EXERCISE MATERIAL Start Marker

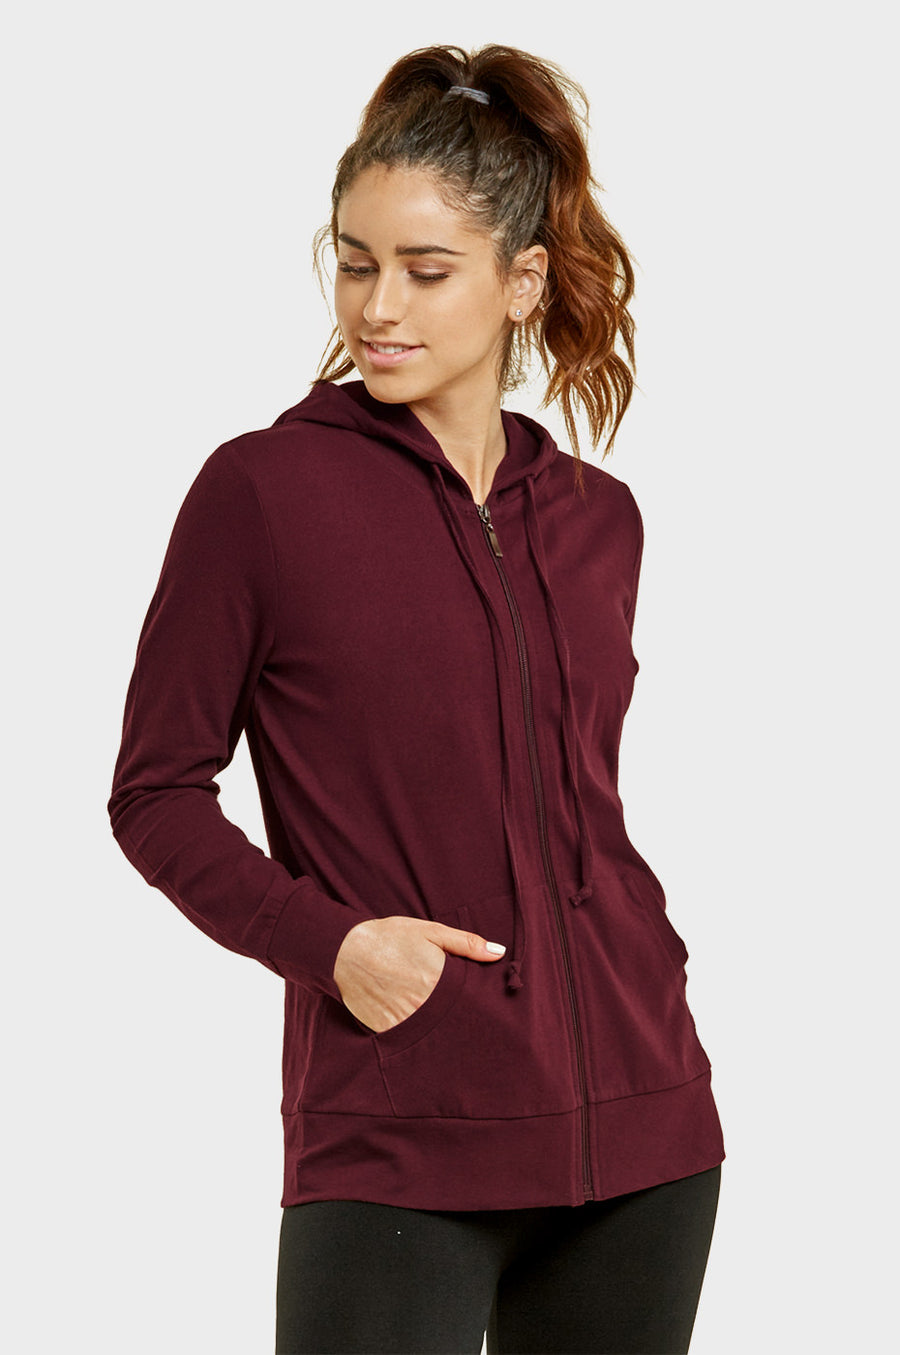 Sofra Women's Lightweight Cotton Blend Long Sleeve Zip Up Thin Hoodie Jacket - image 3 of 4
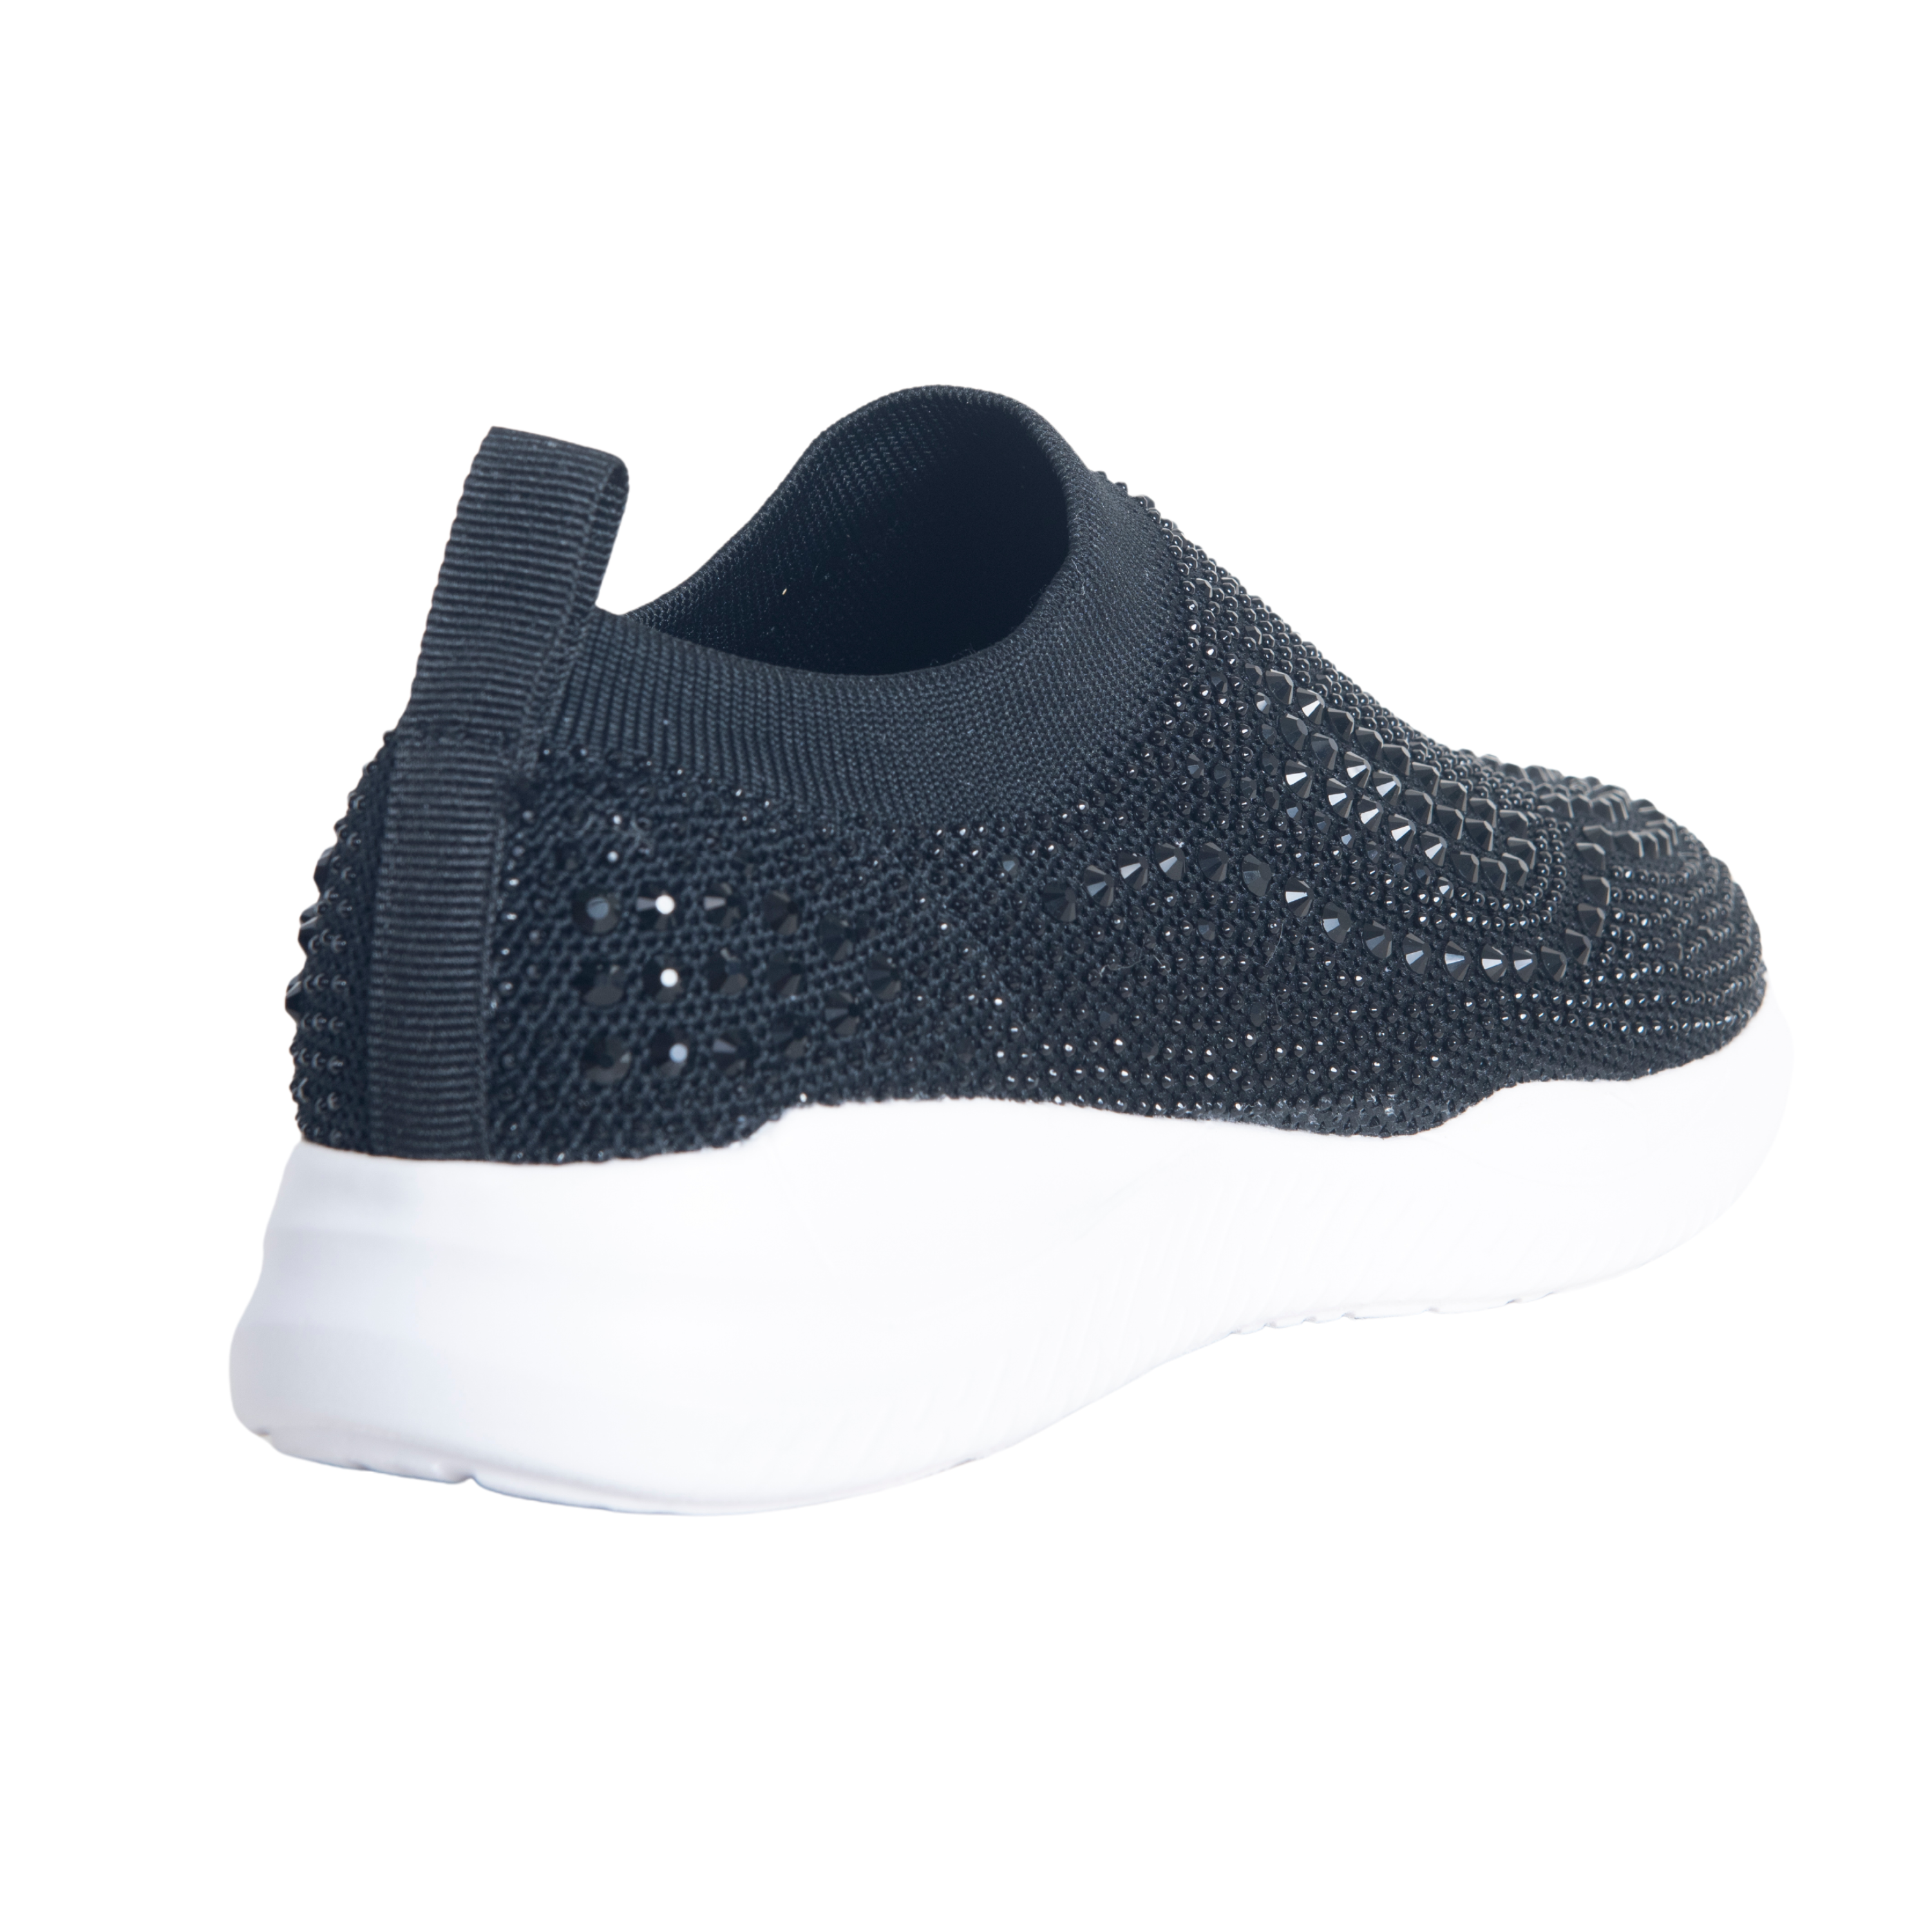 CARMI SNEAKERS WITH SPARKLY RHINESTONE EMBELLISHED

EXERCISE MATERIAL End Marker
EXERCISE MATERIAL Start Marker

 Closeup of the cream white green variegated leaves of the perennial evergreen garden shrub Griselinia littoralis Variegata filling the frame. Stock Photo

EXERCISE MATERIAL End Marker

WORK ITEM:
Repeat the lines above exactly, beginning with the one containing "Sofra Women's Lightweight" and finishing with the one containing "CARMI SNEAKERS WITH". No pictures belong in the copy.

ANSWER FOR THIS EXERCISE:
 Sofra Women's Lightweight Cotton Blend Long Sleeve Zip Up Thin Hoodie Jacket - image 3 of 4
 CARMI SNEAKERS WITH SPARKLY RHINESTONE EMBELLISHED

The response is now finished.